一、緣楊紫奎與楊明山係父子關係;楊紫奎係保證責任臺中縣清水合作農場(下稱清水合作農場)之理事,楊明山則係受清水合作農場委任擔任臺灣高等法院臺中分院100年度重上字第63號清水合作農場與彰化縣政府間之請求補償金遲延利息民事訴訟事件(下稱系爭民事事件)之訴訟代理人。清水合作農場於民國101年1月初,收受系爭民事事件之判決後,因與該院審理之另案100年度重上字第95號請求補償金遲延利息民事訴訟事件之判決意旨相同,而認縱上訴第三審,清水合作農場獲得較有利判決之機率不大,僅徒耗費訴訟費用,遂於101年1月13日以第21屆第9次理事會會議決議通過不對系爭民事事件提起上訴第三審。詎楊紫奎與楊明山因不滿理事會之上開決議,2人竟共謀擅自以清水合作農場名義就系爭民事事件提起上訴第三審,乃共同基於行使偽造私文書之犯意聯絡,先由楊明山於101年1月19日前1、2日,利用其不知情之律師事務所助理前至臺中市北屯區某刻印店,委請不知情之刻印店人員偽刻「保證責任台中縣清水合作農場」之印章;復由楊紫奎偽以清水合作農場法定代理人之身分,蓋用其印章於系爭民事事件之民事上訴聲明暨理由狀上之上訴人清水合作農場之法定代理人欄內,及民事委任狀上之委任人清水合作農場之代表人欄內;楊明山則持其所偽刻之「保證責任台中縣清水合作農場」印章蓋用於上開民事上訴聲明暨理由狀之上訴人清水合作農場欄內,及民事委任狀上之委任人清水合作農場欄上,以此方式偽造完成用以表示係清水合作農場對系爭民事事件提起上訴第三審,並委任楊明山為訴訟代理人之意之私文書;再由楊明山於101年1月19日持向臺灣高等法院臺中分院遞狀呈請轉呈最高法院而行使之,足生損害於清水合作農場及法院對案件審理之正確性。

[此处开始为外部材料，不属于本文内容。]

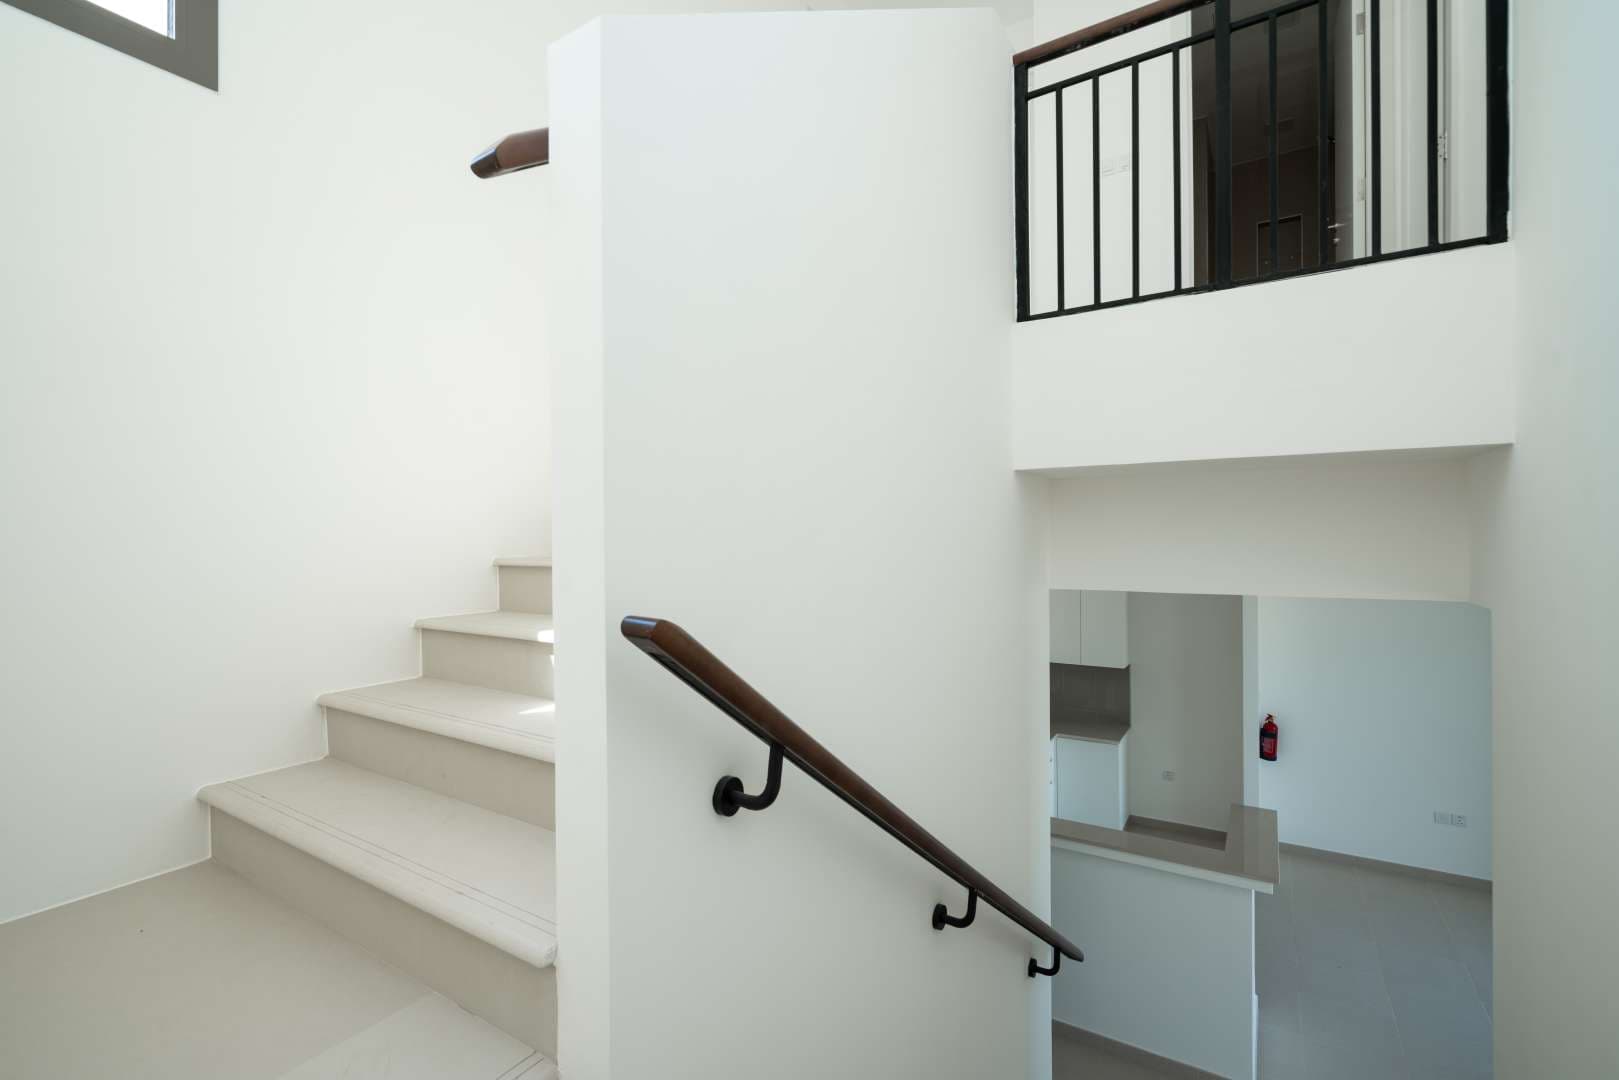 3 Bedroom Townhouse For Rent Zahra Townhouses Lp05539 1fa9f403c6986100.jpg

二、案經清水合作農場委由陳金村律師訴由臺灣臺中地方法院檢察署檢察官偵查起訴。

理 由

一、證據能力部分:

(一)按現行刑事訴訟法為保障被告之反對詰問權,排除具有虛偽危險性之傳聞證據,以求實體真實之發見,於該法第159條第1項明定被告以外之人於審判外之言詞或書面陳述,除法律有規定者外,不得作為證據。又被告以外之人於審判外之陳述,雖不符前4條之規定(即刑事訴訟法第159條之1至159條之4),而經當事人於審判程序同意作為證據,法院審酌該言詞陳述或書面陳述作成時之情況,認為適當者,亦得為證據;當事人、代理人或辯護人於法院調查證據時,知有刑事訴訟法第159條第1項不得為證據之情形,而未於言詞辯論終結前聲明異議者,視為有前項之同意,同法第159條之5亦定有明文。考其立法意旨在於傳聞證據未經當事人之反對詰問予以核實,原則上先予排除。惟若當事人已放棄反對詰問權,於審判程序中表明同意該等傳聞證據可作為證據;或於言詞辯論終結前未聲明異議,基於尊重當事人對傳聞證據之處分權,及證據資料愈豐富,愈有助於真實發見之理念,且強化言詞辯論主義,使訴訟程序得以順暢進行,上開傳聞證據亦均具有證據能力。查本件以下所引之被告以外之人於審判外之言詞及書面陳述,業經本院審理時予以提示並告以要旨,各經檢察官、辯護人及被告等表示意見,當事人及辯護人已知該等陳述乃傳聞證據,均未於言詞辯論終結前對該等證據內容異議,依上開規定,本院審酌該等證據作成時,並無人情施壓或干擾,亦無不當取供之情形,認為以之作為本案之證據亦屬適當,是該等證據自均具有證據能力。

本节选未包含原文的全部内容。